A Highly Stable Physically Unclonable Function Using Algorithm-Based Mismatch Hardening Technique in 28-nm CMOS

• Published in: IEEE transactions on circuits and systems. I, Regular papers Vol. 70; no. 1; pp. 280 - 289
• Main Authors: Yang, Shao-Hong, Liu, Tsung-Te
• Format: Journal Article
• Language: English
• Published: New York IEEE 01.01.2023; The Institute of Electrical and Electronics Engineers, Inc. (IEEE)

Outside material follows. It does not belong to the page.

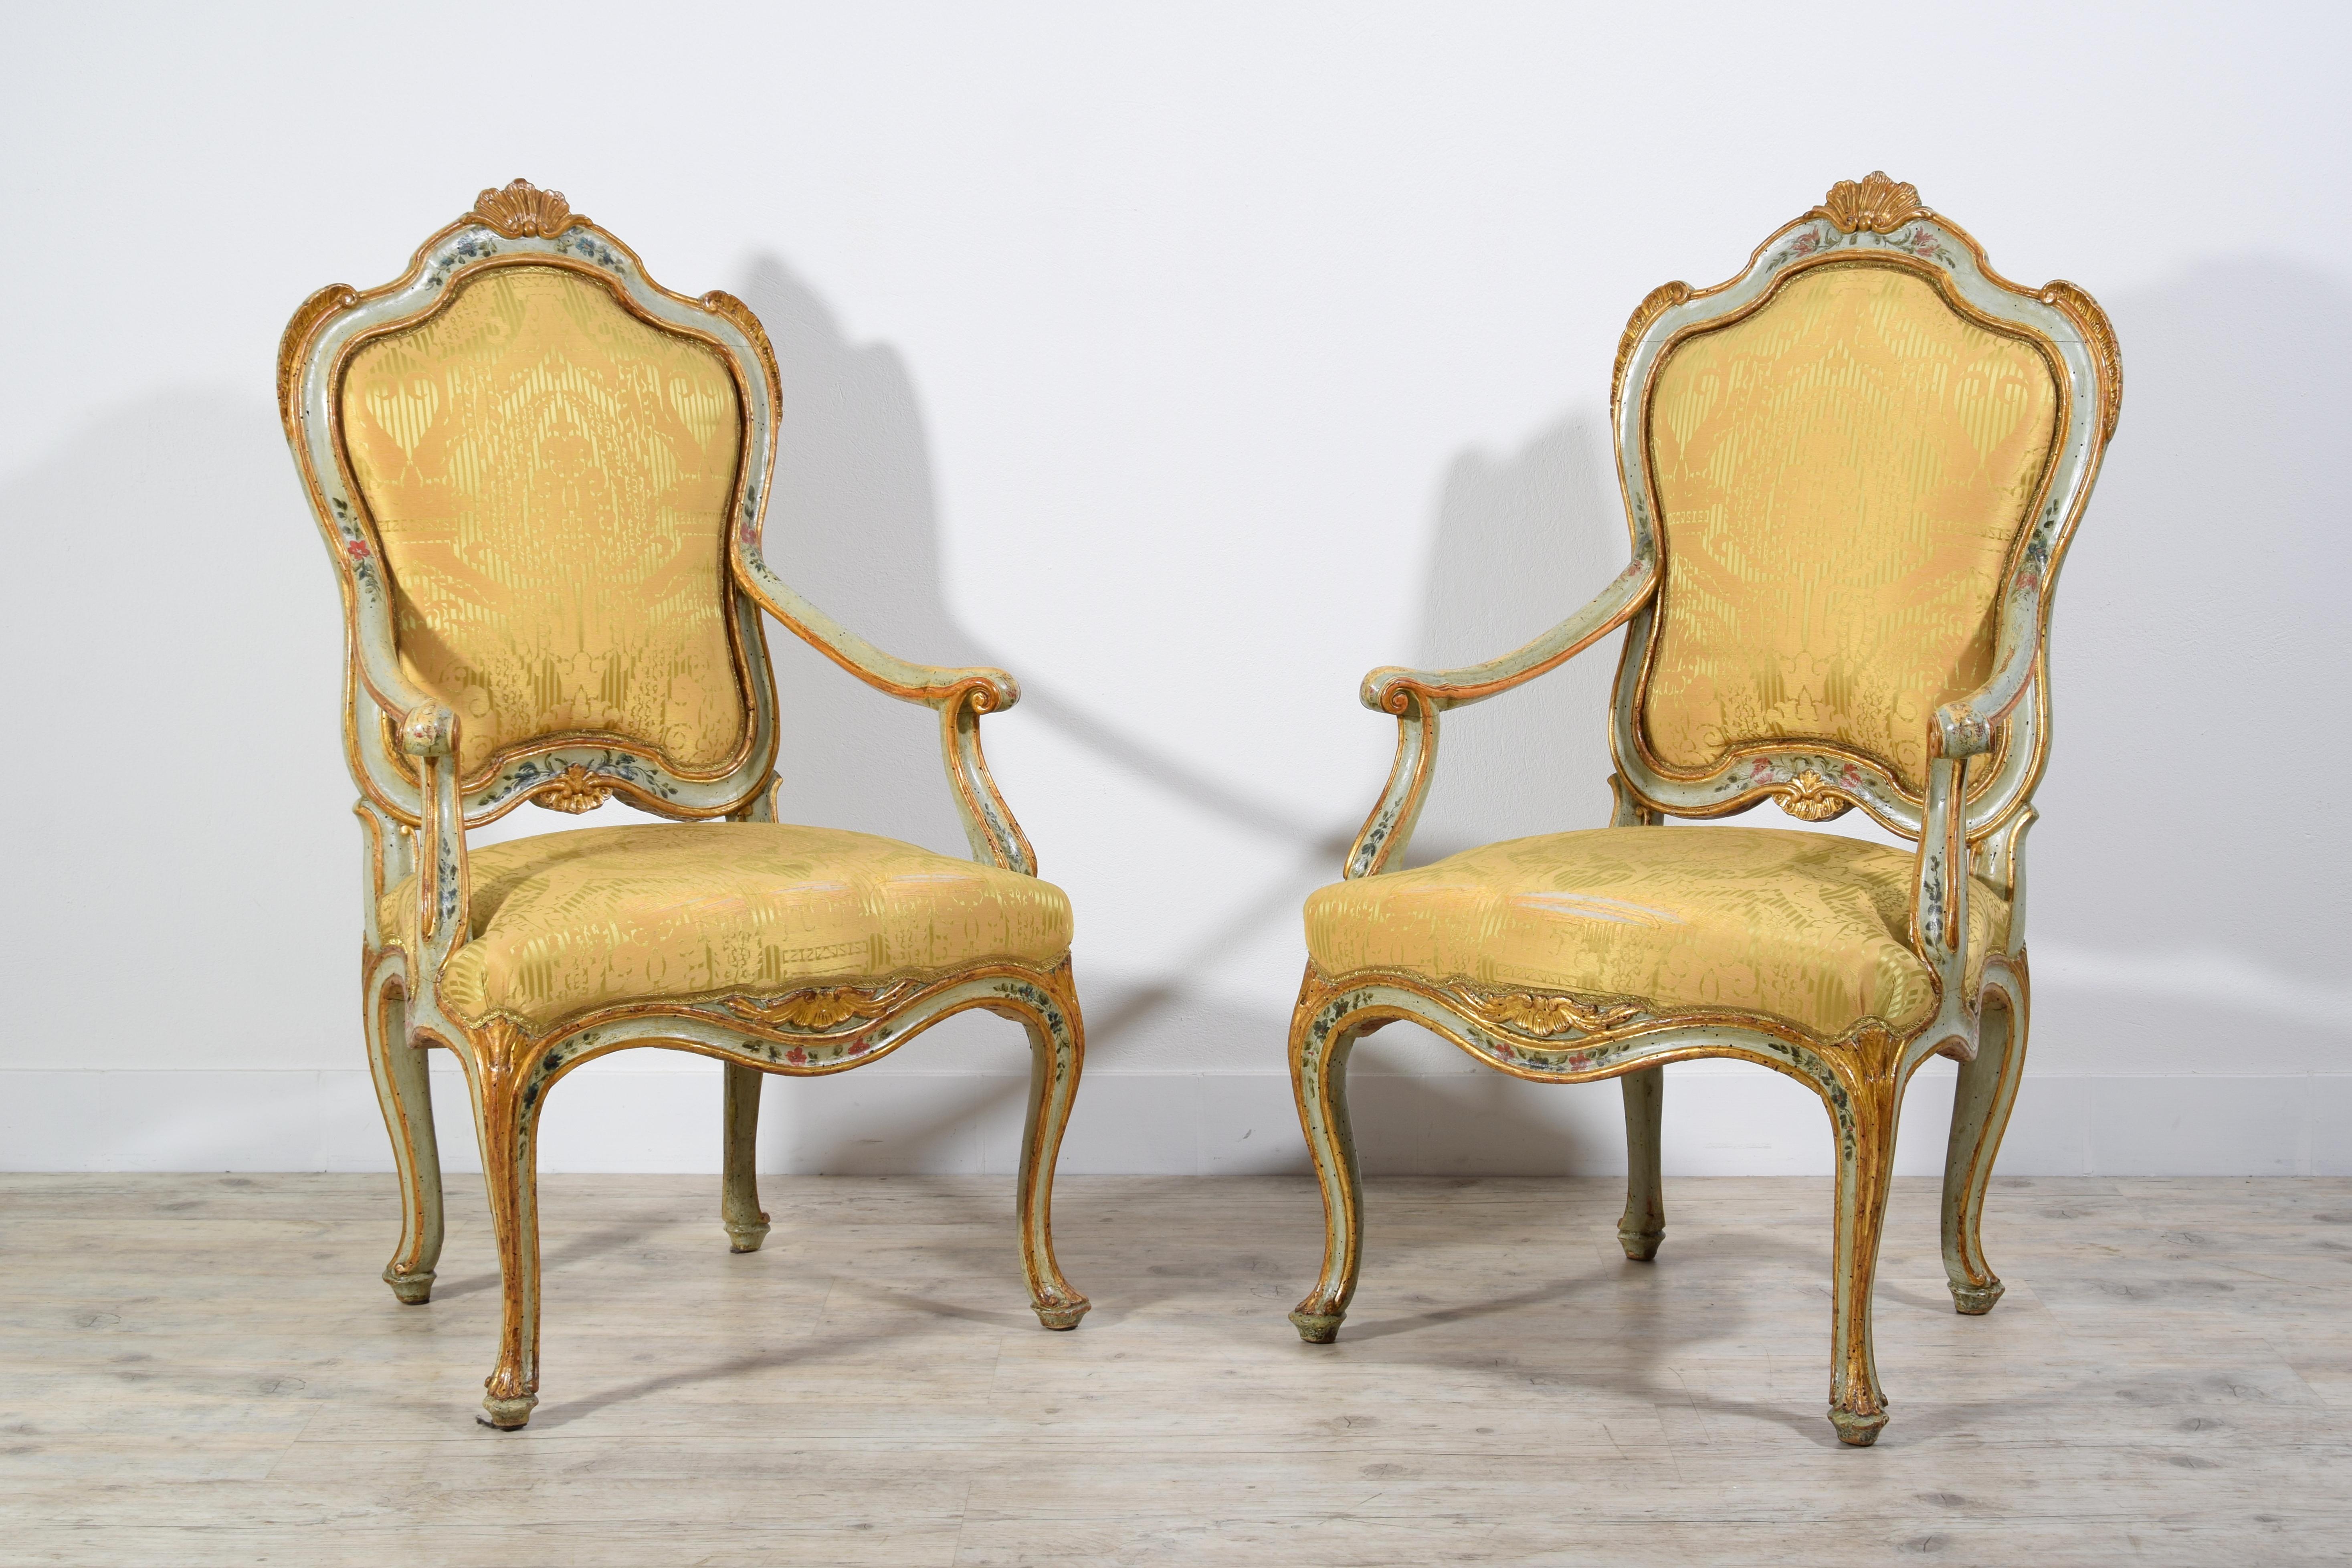 18th Century, Pair of Barocchetto Venetian Lacquered Giltwood Armchairs

This refined and important pair of armchairs was made around the middle of the 18th century in Venice, Italy, in carved, lacquered and gilded wood and reflects the typical

• Subjects: Algorithms; Bit error rate; CMOS; Entropy; Error correction codes; Hardening; hardware security; Internet of Things; Internet of Things (IoT); key storage; Physical unclonable function; Physically unclonable function (PUF); process variation; Reliability; Security; Stability analysis; Stabilization; weak puf
• ISSN: 1549-8328; 1558-0806
• DOI: 10.1109/TCSI.2022.3217992

Physically unclonable function (PUF) is an emerging security solution for Internet of Things (IoT) devices. However, PUF faces a critical design challenge: responses should remain the same regardless of environmental conditions. This article presents an algorithm-based mismatch hardening technique that provides an effective and efficient solution to stabilizing PUF responses, which could be applied to various PUF circuits. The proposed stabilization technique combines multiple mismatches to achieve high reliability with minimum loss of utility. Moreover, the proposed approach requires only the available digitized PUF responses, avoiding any auxiliary measurement circuit to minimize additional implementation and testing overhead. The PUF test chip implemented in 28-nm CMOS technology shows that the proposed stabilization technique achieves a highly stable performance, lowering the nominal bit error rate (BER) to 0.0016%. It also exhibits excellent reliability with a worst-case BER of 0.16% across 0.7 to 1.2 V and −50 to 125°C, proving to be a promising candidate for security primitive for IoT applications.